Two shoppers wearing protective masks, due to the virus outbreak, walk to their vehicle during a heavy rain storm after shopping at the Walmart store in Epping, N.H., Monday, April 13, 2020. (AP Photo/Charles Krupa)

Government’s work is just beginning when it comes to the financial planning for the coming months and future. Besides taking a toll on our personal lives, the coronavirus has created plenty of havoc in funding streams that are already impacting our towns, villages, schools and cities.

Erie County Comptroller Stefan Mychajliw was so startled by the sudden shift that he began sounding the alarms on major losses in the sales tax revenues for municipalities there in late March.

He makes a lot of sense. When businesses are forced to be shuttered, especially restaurants, malls and auto dealerships, that significant piece of the cash flow pie comes to a screeching halt.

“I have been providing updates to county legislators on a regular basis on what our losses could be, so that they can prepare for the worst,” Mychajliw said in a statement earlier this week.

“Having said that, I have called on our leaders in Washington to include federal aid to local governments in the next stimulus package to help offset the anticipated losses.”

By his estimates, Erie County — in a worst-case scenario of an 80% decrease — could be on track to lose nearly $128 million over a four-month period. That translates to more than 15% of the $829 million that county collected last year.

In terms of the consumer, the sales tax is just another burden we hardly notice when going to the store. However, it is impossible to miss when dining out at restaurants and making major purchases.

Going by Michajliw’s worst-case estimate of 80% in losses from March to June could impact chautauqua County by $15 million. According to its 2020 budget, legislators here approved a spending plan of $257 million. Revenues of $75 million — or 27 percent of the county budget — were projected from sales tax after a total of $71 million in 2019.

As of today, those estimates appear to be impossible to reach. Even if the economy does reopen late next month or early June, a lot of damage has been done.

To their credit, county legislators have discussed reining in costs during this month’s committee and Legislature meetings.

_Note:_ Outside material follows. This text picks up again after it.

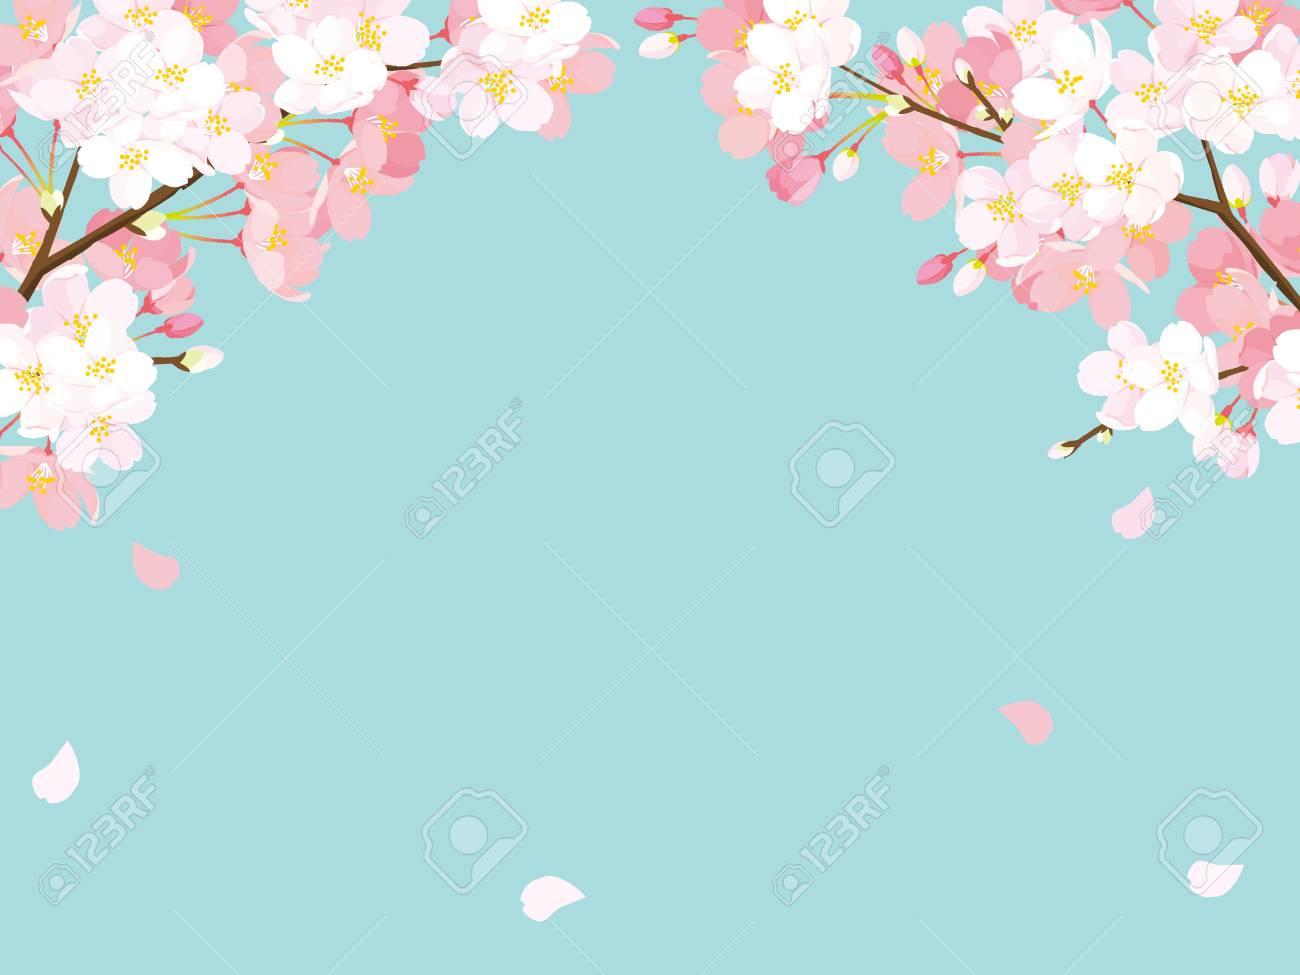 Pink Cherry blossom, Vector Illustration - 93215850

Some reduction measures include no new equipment purchases while county department heads are re-examining budgets and being told to cut between 15% and 20%.

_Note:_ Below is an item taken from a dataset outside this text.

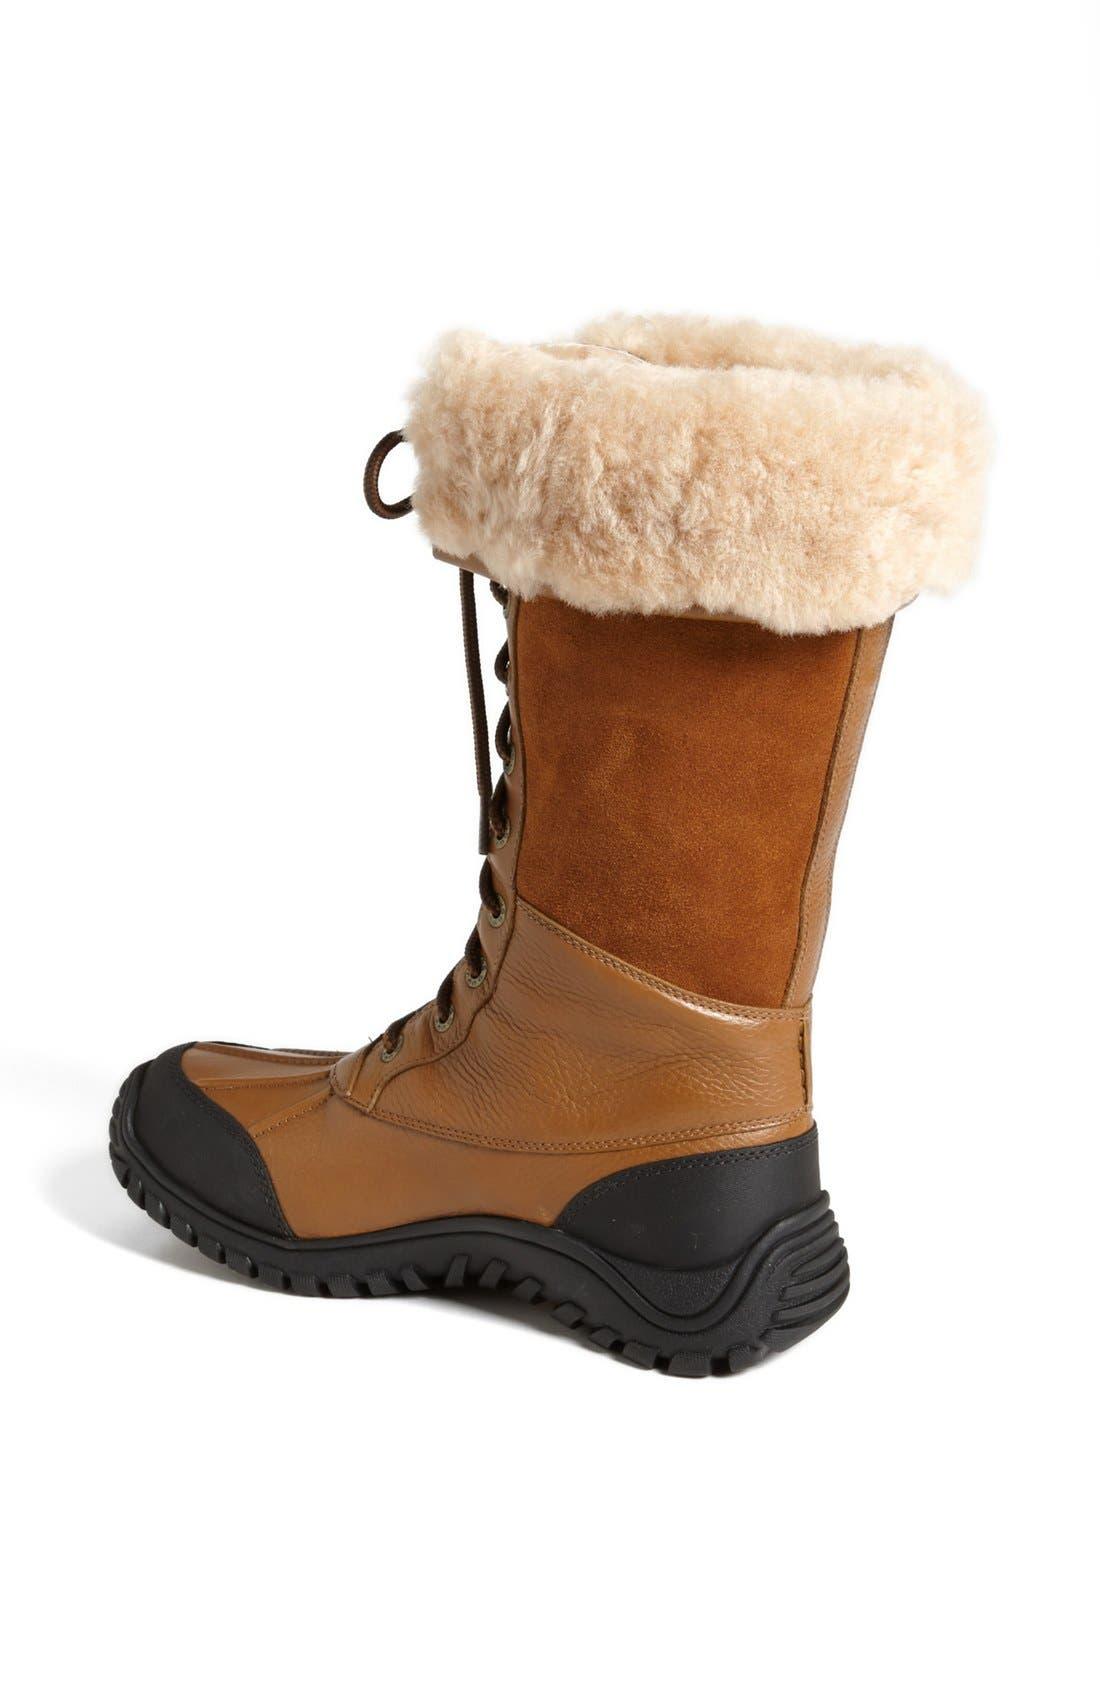 Alternate Image 2  - UGG® Adirondack Waterproof Tall Boot (Women)

State Comptroller Thomas DiNapoli also has plenty of worries moving forward. Earlier this week, he said the current standstill could impact all entities for years to come.

“The ultimate price of the coronavirus remains undetermined. What is clear is that Washington must do more to help stabilize state and local government finances to avoid drastic cuts that would hurt hospitals, schools and vital services,” DiNapoli said in a news release. “The executive and Legislature passed a budget under very difficult circumstances to address our immediate needs, but we must be mindful of the bigger picture. Tax revenues will be substantially lower in the near term because of the pandemic, and likely well beyond. The state should minimize long-term costs from any new debt and commit to building up our rainy day reserves. The road ahead is a challenging one and will require a long-term strategy.”

Pains were already evident in the school aid totals for the next academic year. As this corner pointed out last week, most projections for all area districts were flat with very minor increases in state aid — the main engine of district budgets.

At this time, even with an approved plan in Albany, those figures are not guaranteed and could be reduced further. In January, state Gov. Andrew Cuomo said New York was facing a $6 billion budget deficit. That was two months before the coronavirus became a part of our everyday conversations. That gap — due to emergency funding — could be closer to $14 billion and growing.

Washington has been bailing out business, taxpayers and nonprofits to get through this mess that is not even two months old. Still, many citizens are struggling.

It can no longer be business as usual for governments — locally and worldwide. It is time to look for consolidations and efficiencies wherever possible.

A new reality has arrived. It is hitting each and every one of us in the pocketbook.